Double agent? Traitor to the crown? Who knows, right?



> (those who knew took everything to the grave).



How convenient.



> My parents ran plantations, taught at missionary schools.



So were they exploiting the people by running plantations or saving them by their missionary work? I don't know of very many missionaries who run cheap labor camps.



> I started working with the locals even when I was young enough to be their son. It was easier to deal with them if you happened to be the one who paid them. You are talking about people who think nothing of killing, let alone fighting. Everyday, you could scan through the frontpage and there would be several killings.



So, you were a little mafioso?
Or just a spoiled son of a landowner who used his mom and dad's money to bully his way through the locals?
...and what year was this?  Hong Kong, you say...



> Every house was (still is) literary a fortress. You have bars on every windows and doors. Flood light. Siren alarm. Guard dogs. Most community is guarded.



Doesn't sound like the housing for "common" folk to me. 



> Life was cheaper in a lawless land.
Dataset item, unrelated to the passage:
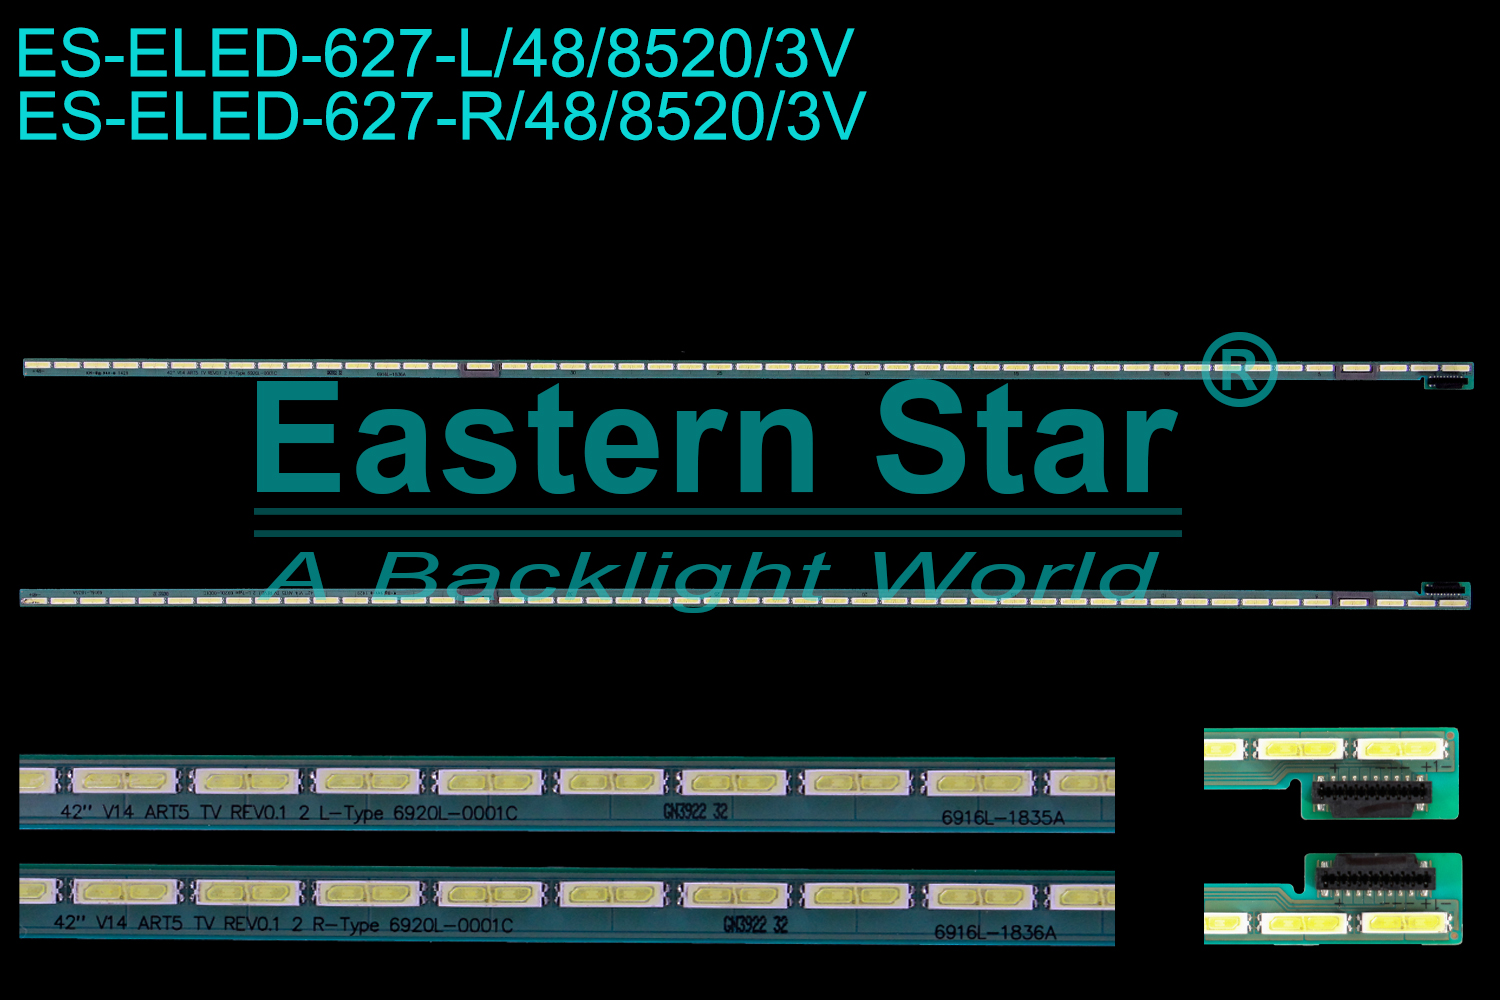 ES-ELED-627 ELED/EDGE TV backlight use for 42'' Lg 42UB700T  42'' V14 ART5 TV REV0.1 2 L/R-TYPE 6920L-001C  6916L-1836A  6922L-0130A LED STRIPS(2)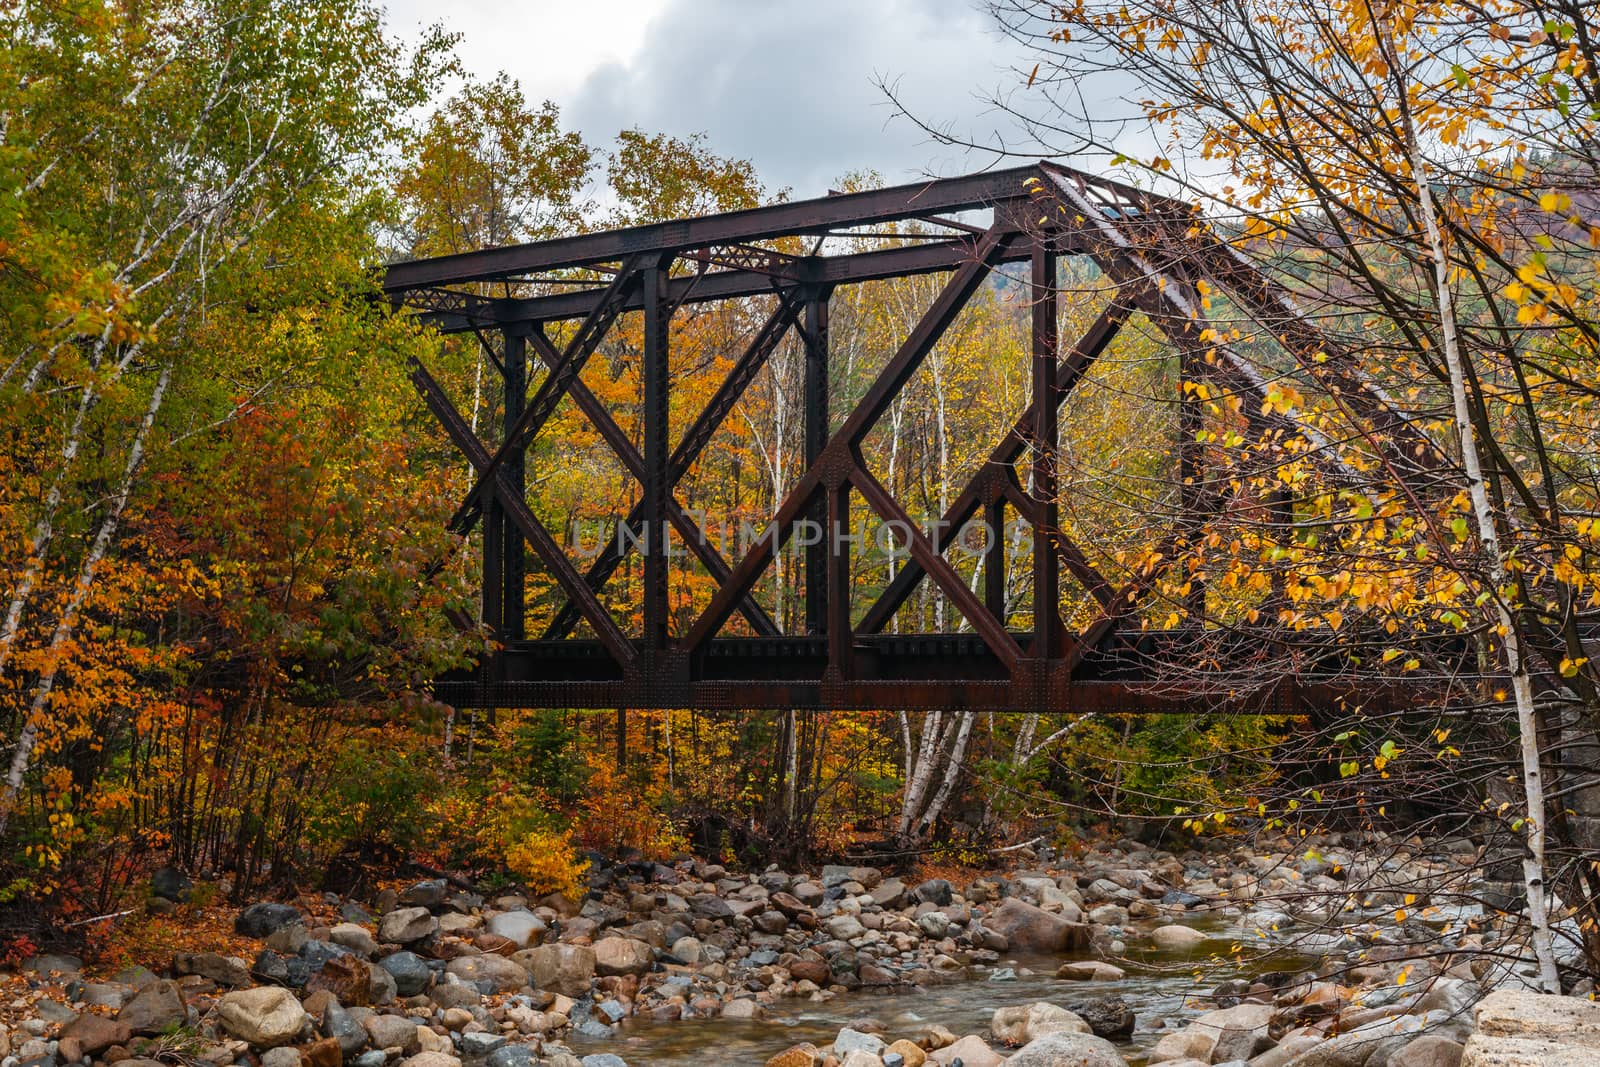 Steel truss railway bridge across Sawyer River at Bears Notch on by brians101

You treat people they want to be treated. If they were ignorant about their health, there wasn't much you could do but just go with it. You let them eat ration that you know would give them cancer down the road.



So, life was cheap for you...
Again, spoiled son of a rich landowner...
The "riff-raff" you fed these bad rations to didn't mean much to you did they?
Since you were the son of a rich land-owner (allegedly) do you really think that YOU were treated just like the people on the street? NOT...and Hong Kong is not representative of all of Asia...
Certainly not representative of China, Taiwan, Thailand, or Japan.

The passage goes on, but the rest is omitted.